HUTCHMED (China) Limited announced that new and updated data from several studies of compounds discovered by HUTCHMED will be presented at the upcoming American Association of Cancer Research ("AACR") Annual Meeting 2024, taking place on April 5-10, 2024 in San Diego, California. Initial preclinical data will be presented for HMPL-506, a novel, highly potent and differentiated menin-MLL inhibitor for the treatment of certain types of acute leukemia.

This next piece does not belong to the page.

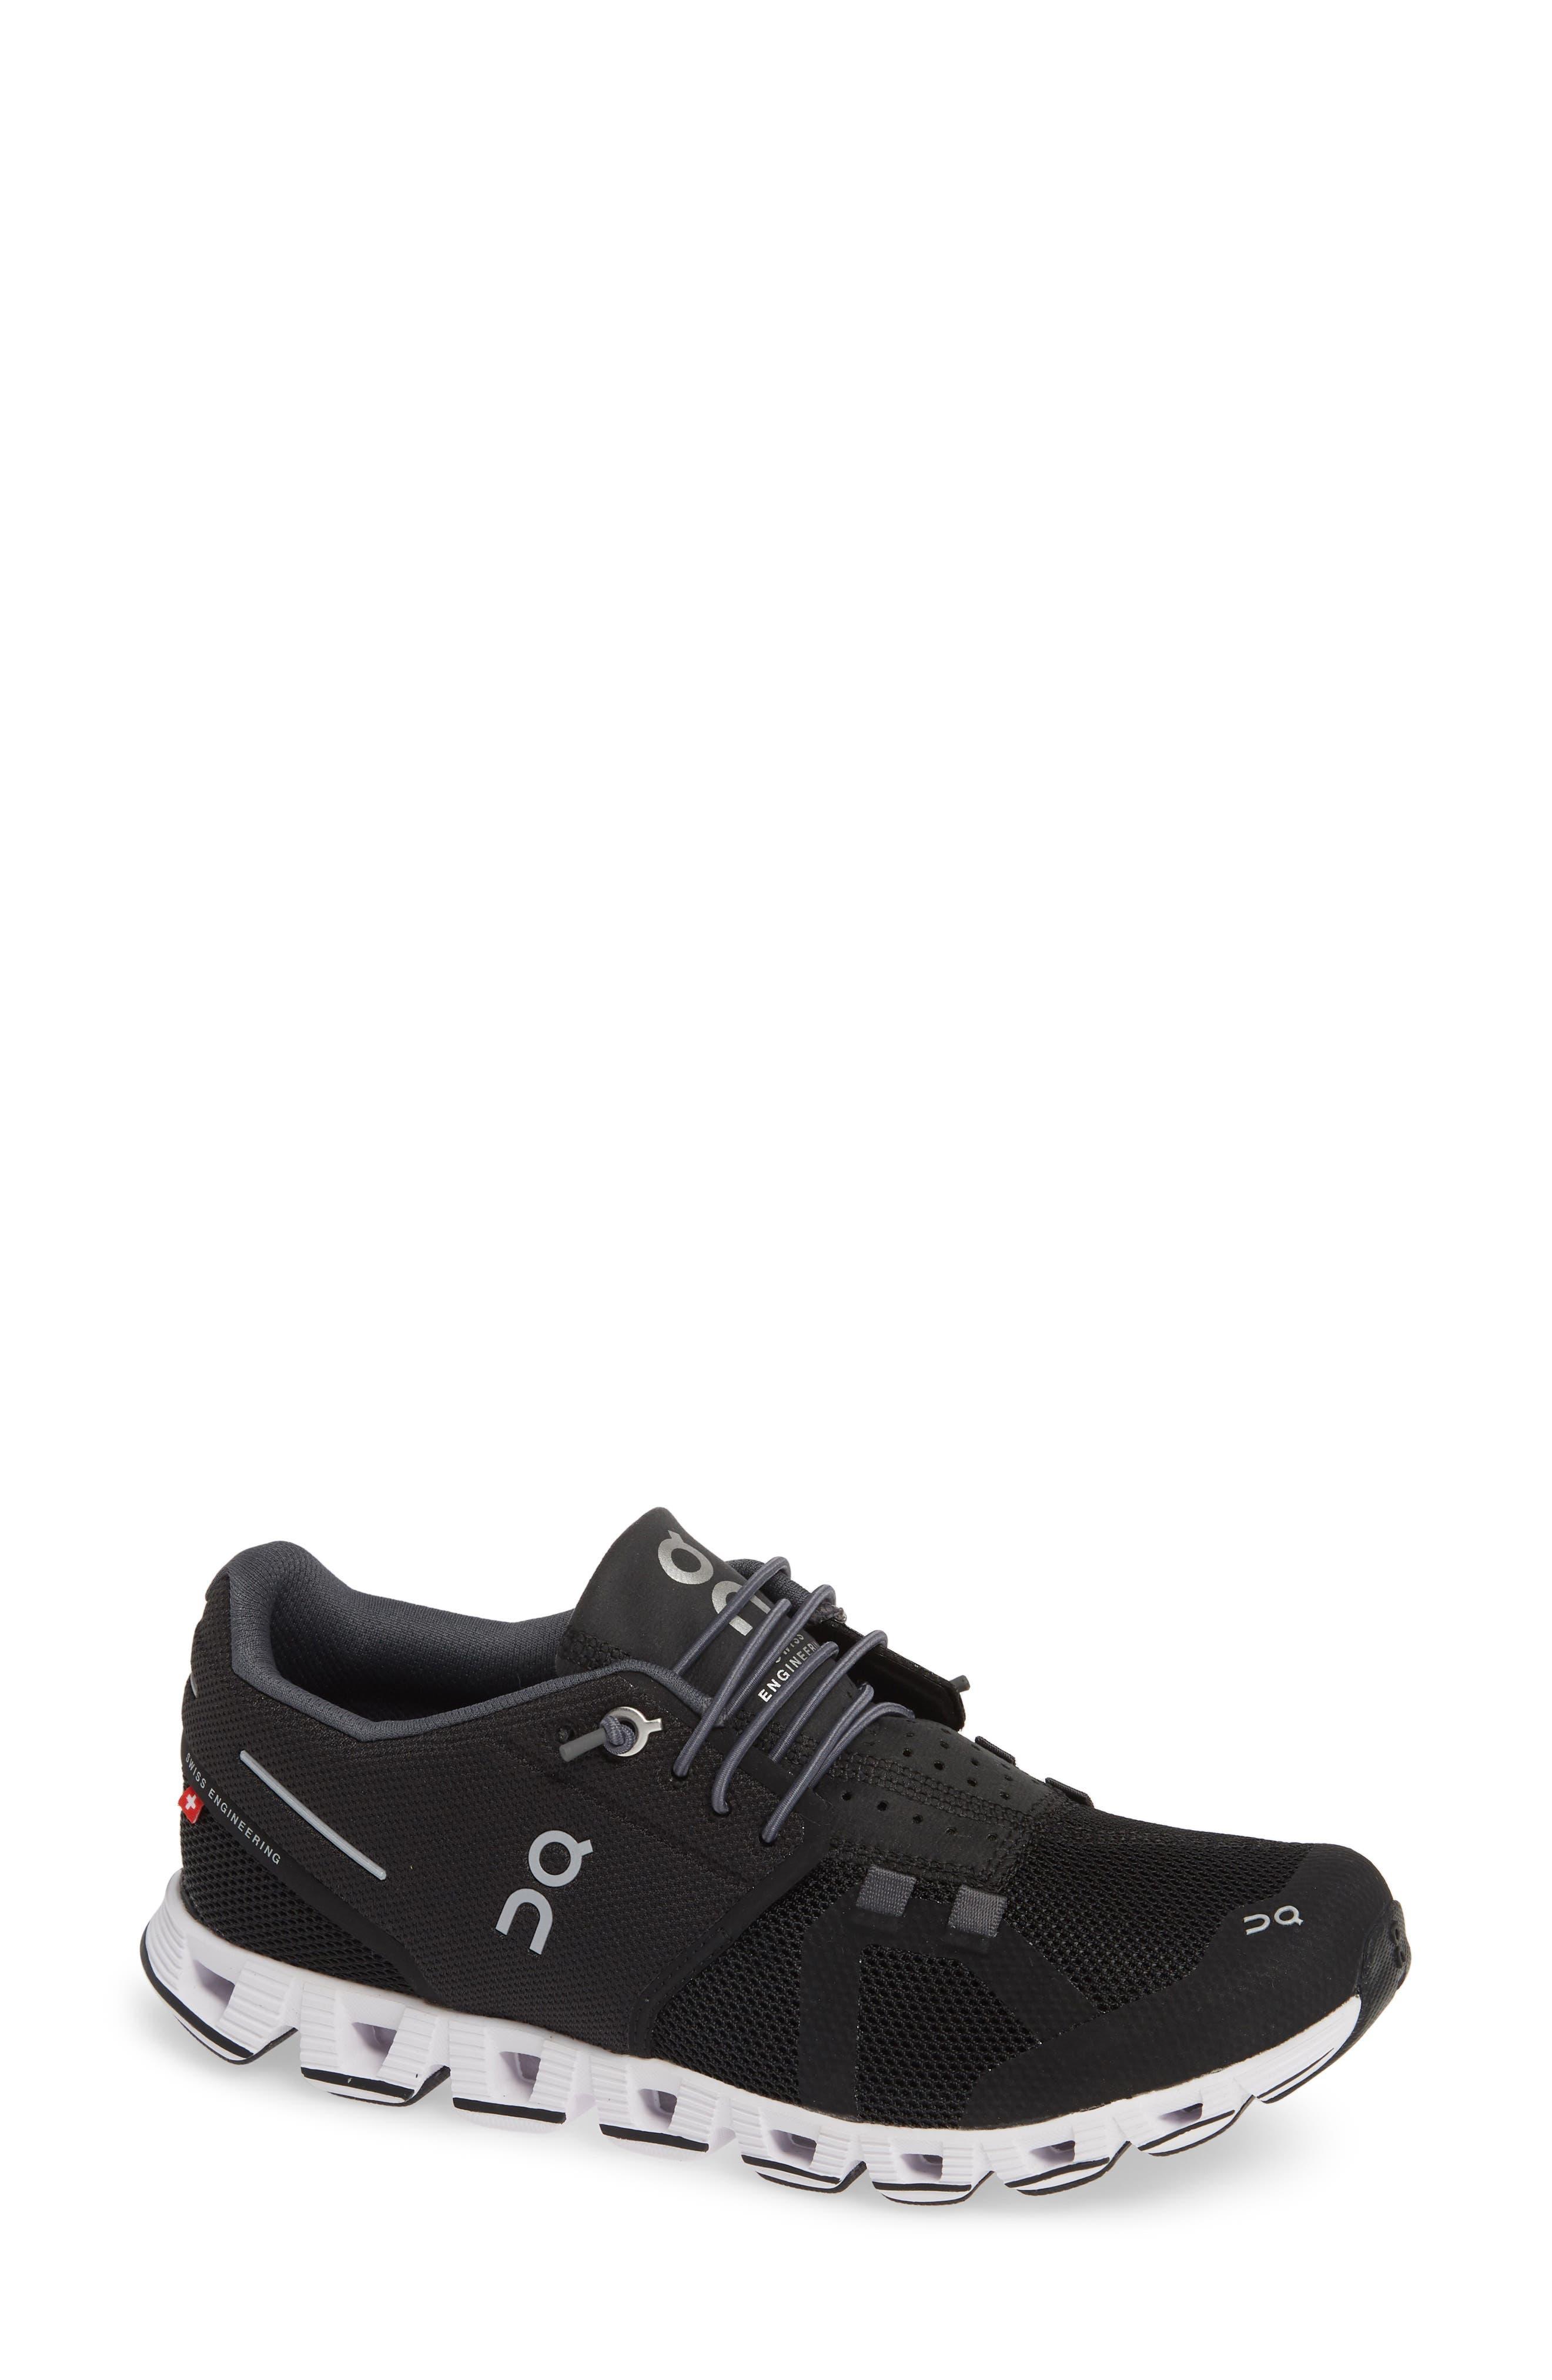 Cloud Running Shoe,                             Main thumbnail 1, color,                             BLACK/ WHITE

Compared with five other menin inhibitors in clinical development, HMPL-506 showed the stronger inhibitory potency in MLL-rearranged and NPM1 mutant leukemia cell line models.

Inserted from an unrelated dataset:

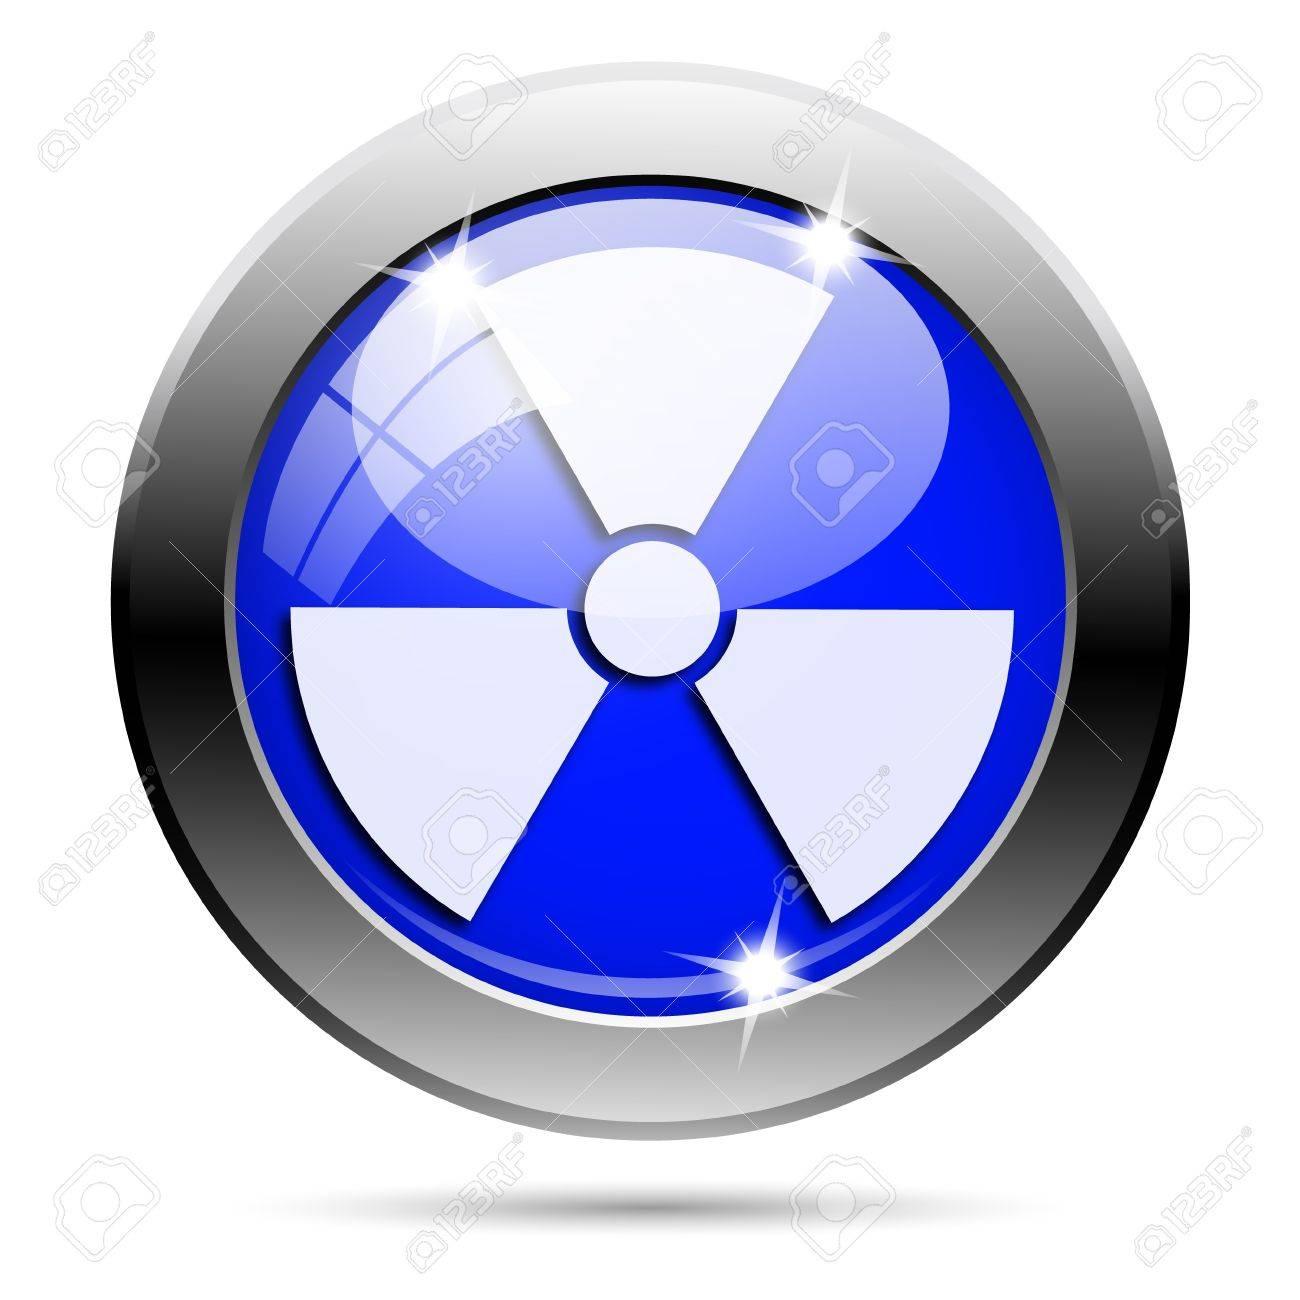 Metallic round glossy icon with white design on blue background Stock Photo - 21986551

Furthermore, HMPL-506 in combination with azacytidine, venetoclax or gilteritinib synergistically improved the anti-tumor effect against MLL-rearranged leukemias both in vitro and in vivo. The investigational drug candidate displayed favorable pharmacokinetic profiles, high selectivity and low risk of cardiac toxicity. A Phase I study of HMPL-506 is planned for the second half of 2024.

Initial preclinical data will also be presented for HMPL-A067 (HMA800067), a novel CD38-targeting antibody-drug conjugate (ADC) in which daratumumab was conjugated with cytotoxic payload Monomethyl auristatin E (MMAE) via a novel linker. It demonstrated significant superior anti-tumor activity to daratumumab, including in several B-cell malignancies models with resistance to daratumumab treatment. Other presentations include preclinical data on the ERK 1/2 inhibitor, HMPL-295; early clinical data on the Syk inhibitor, sovleplenib, in lymphoma patients; additional clinical data from global studies of VEGFR inhibitor, fruquintinib, and MET inhibitor, savolitinib; and several investigator-initiated studies of fruquintinib and VEGFR/CSF-1R/FGFR inhibitor, surufatinib.